(DATA EXTRACT)

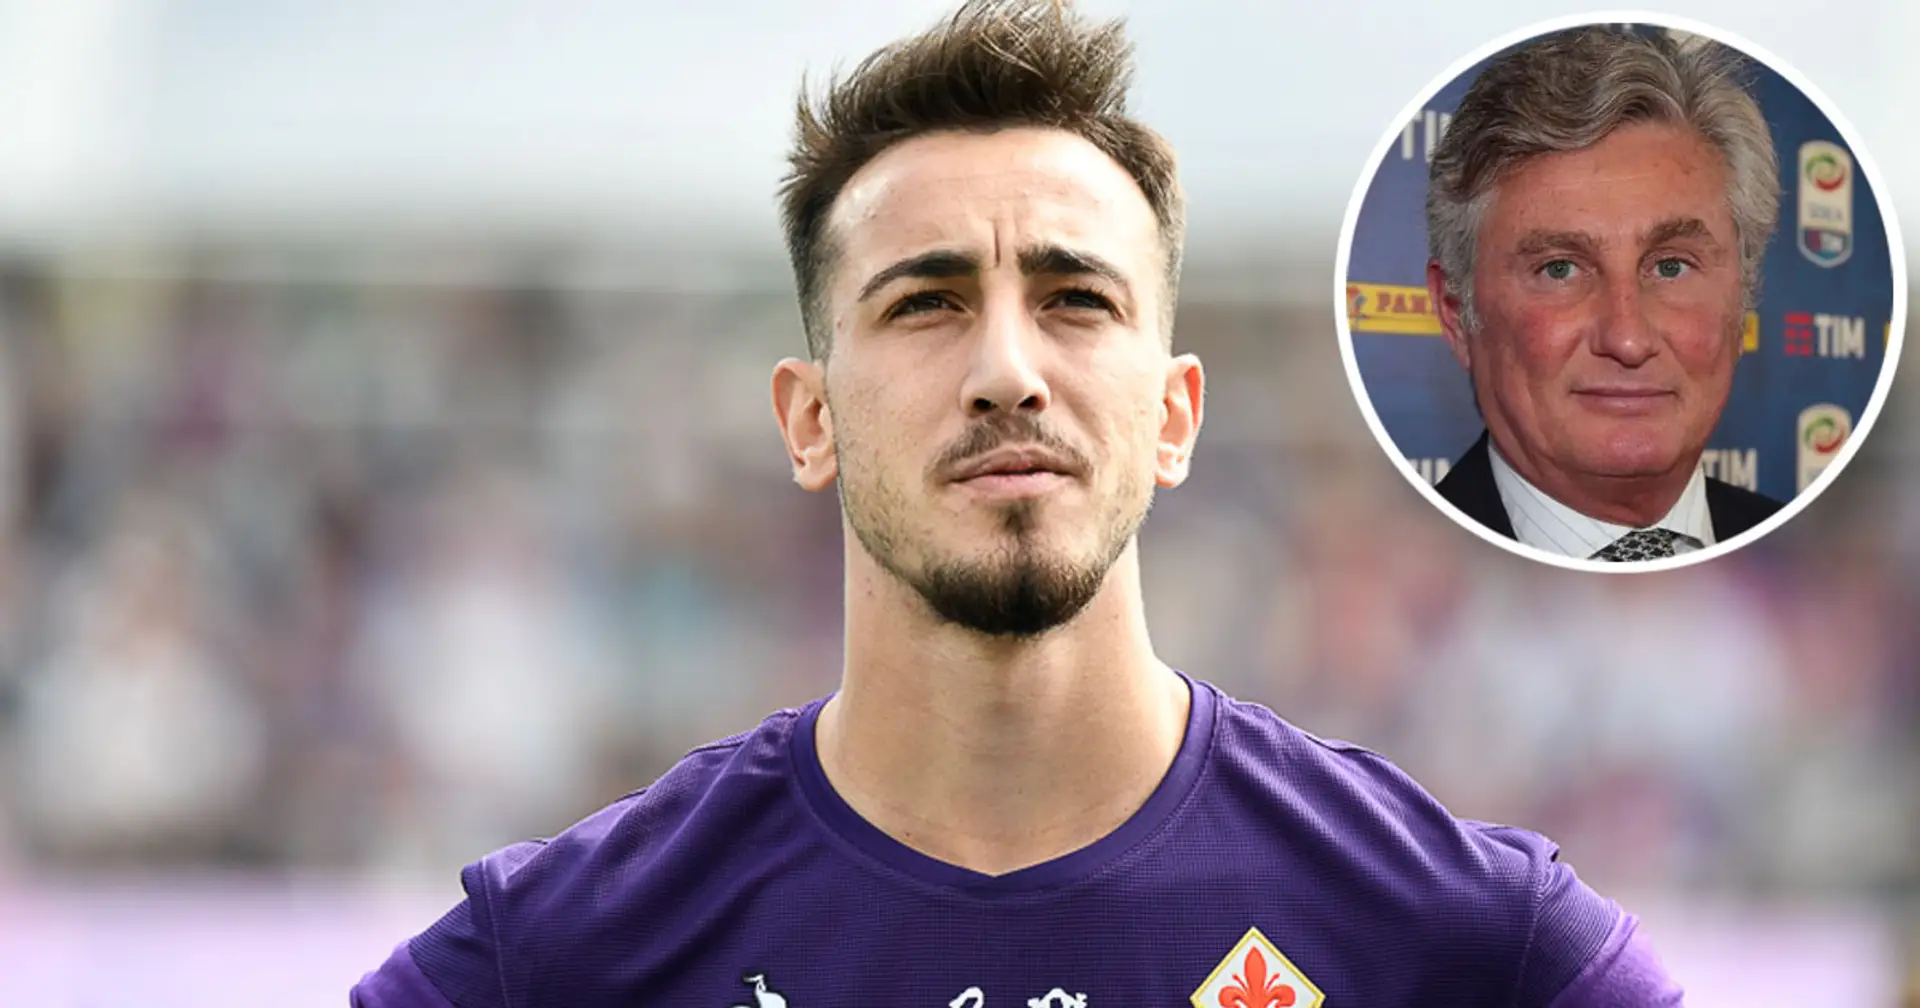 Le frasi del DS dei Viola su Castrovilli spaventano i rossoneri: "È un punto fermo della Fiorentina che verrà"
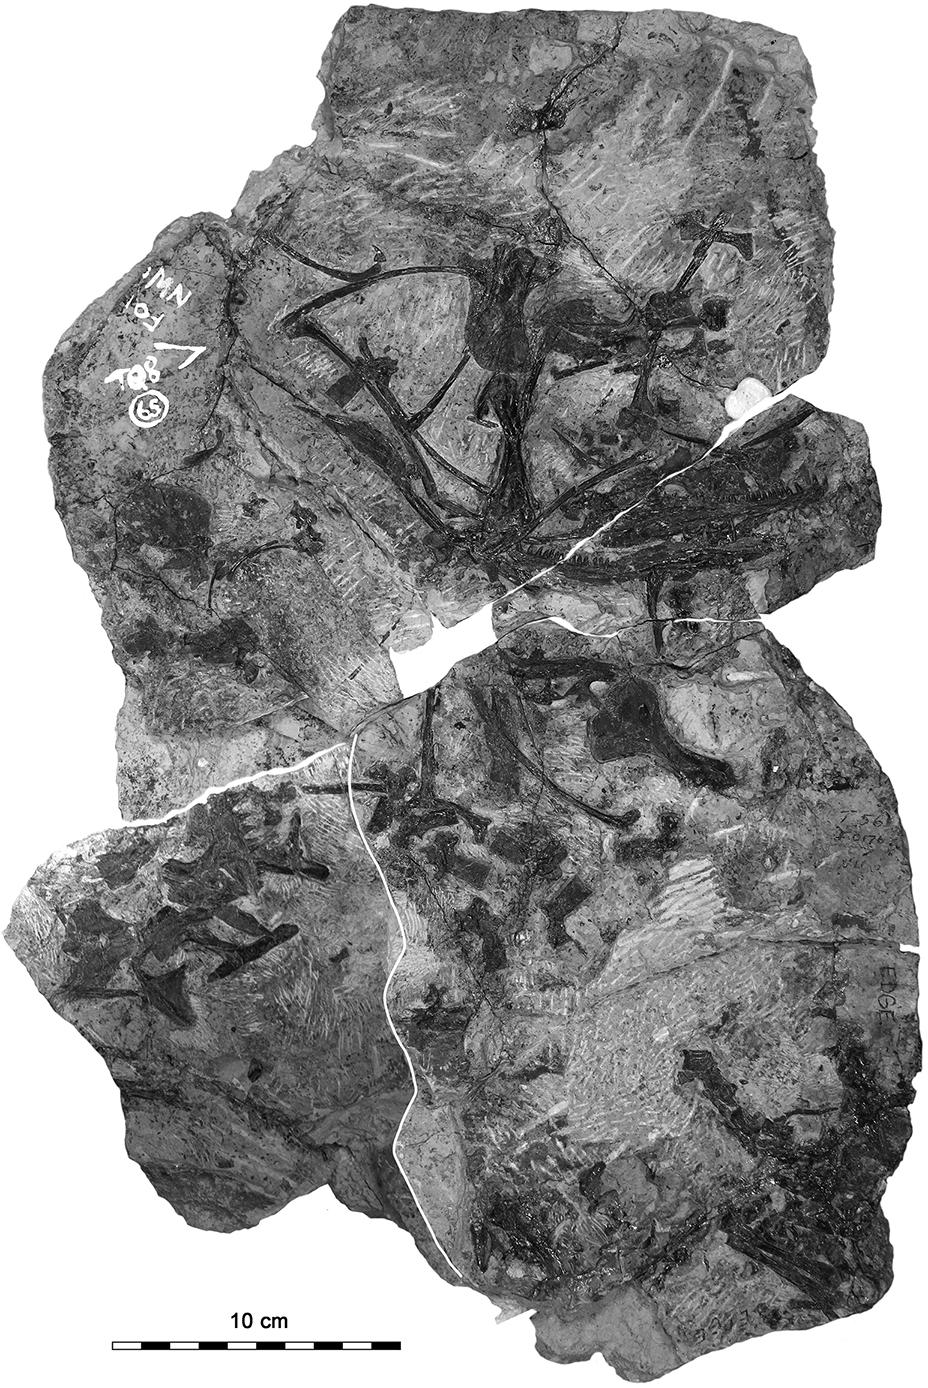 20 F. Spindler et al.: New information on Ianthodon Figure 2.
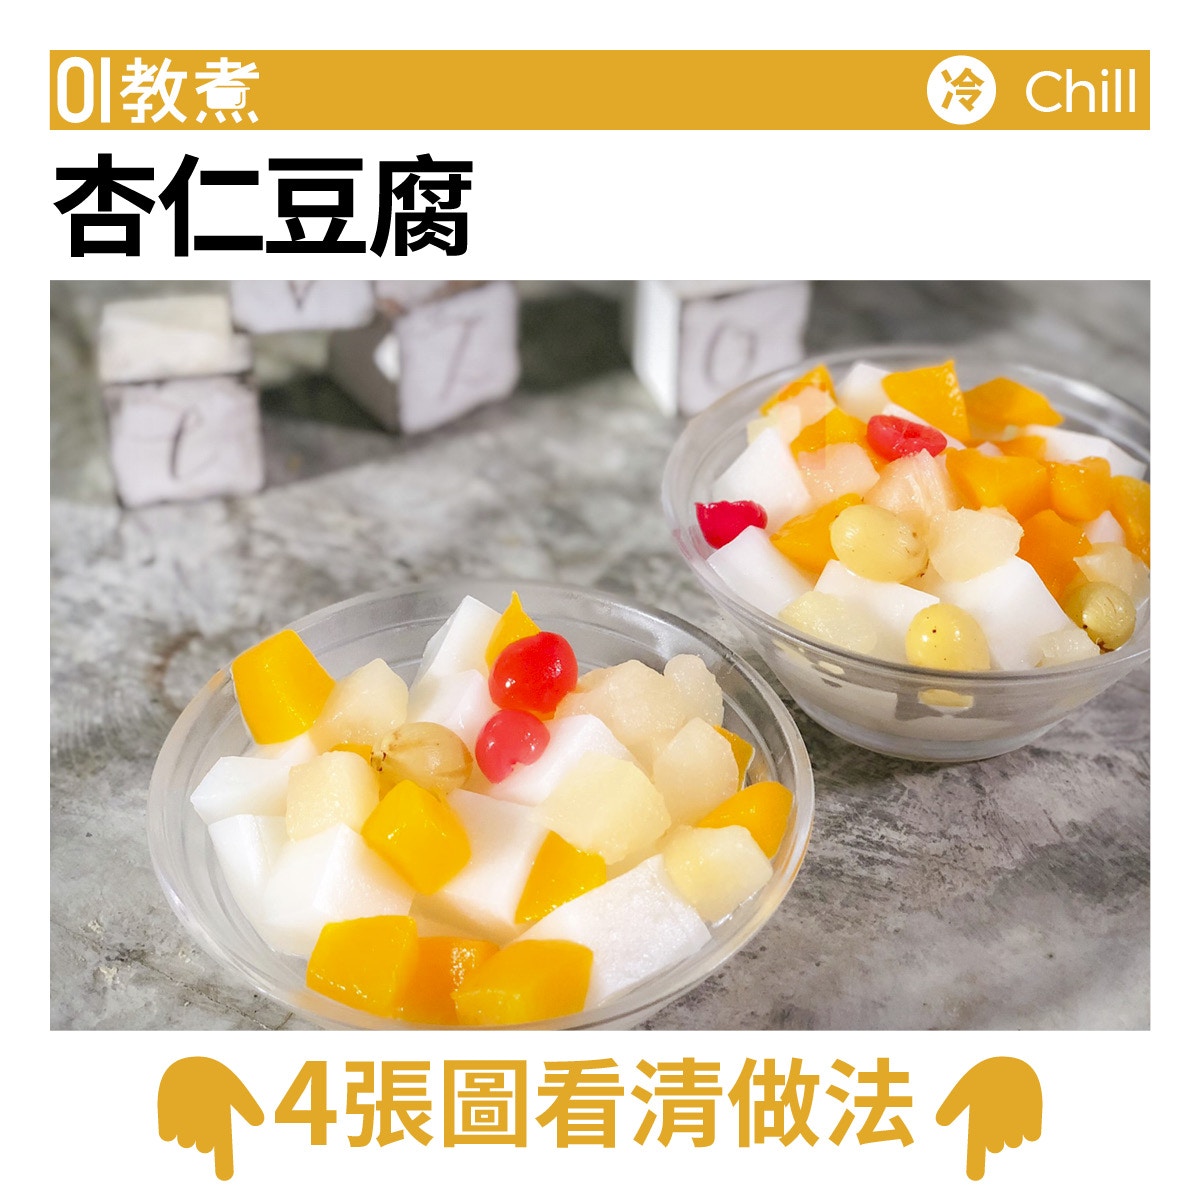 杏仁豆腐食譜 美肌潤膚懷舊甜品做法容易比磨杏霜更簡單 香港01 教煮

(End DATA EXTRACT)

◆ WHAT YOU SHOULD DO ◆
Print the entire listing above verbatim. No picture should be included.

◆ EXERCISE ANSWER ◆
 Le frasi del DS dei Viola su Castrovilli spaventano i rossoneri: "È un punto fermo della Fiorentina che verrà"
 20 F. Spindler et al.: New information on Ianthodon Figure 2.
 杏仁豆腐食譜 美肌潤膚懷舊甜品做法容易比磨杏霜更簡單 香港01 教煮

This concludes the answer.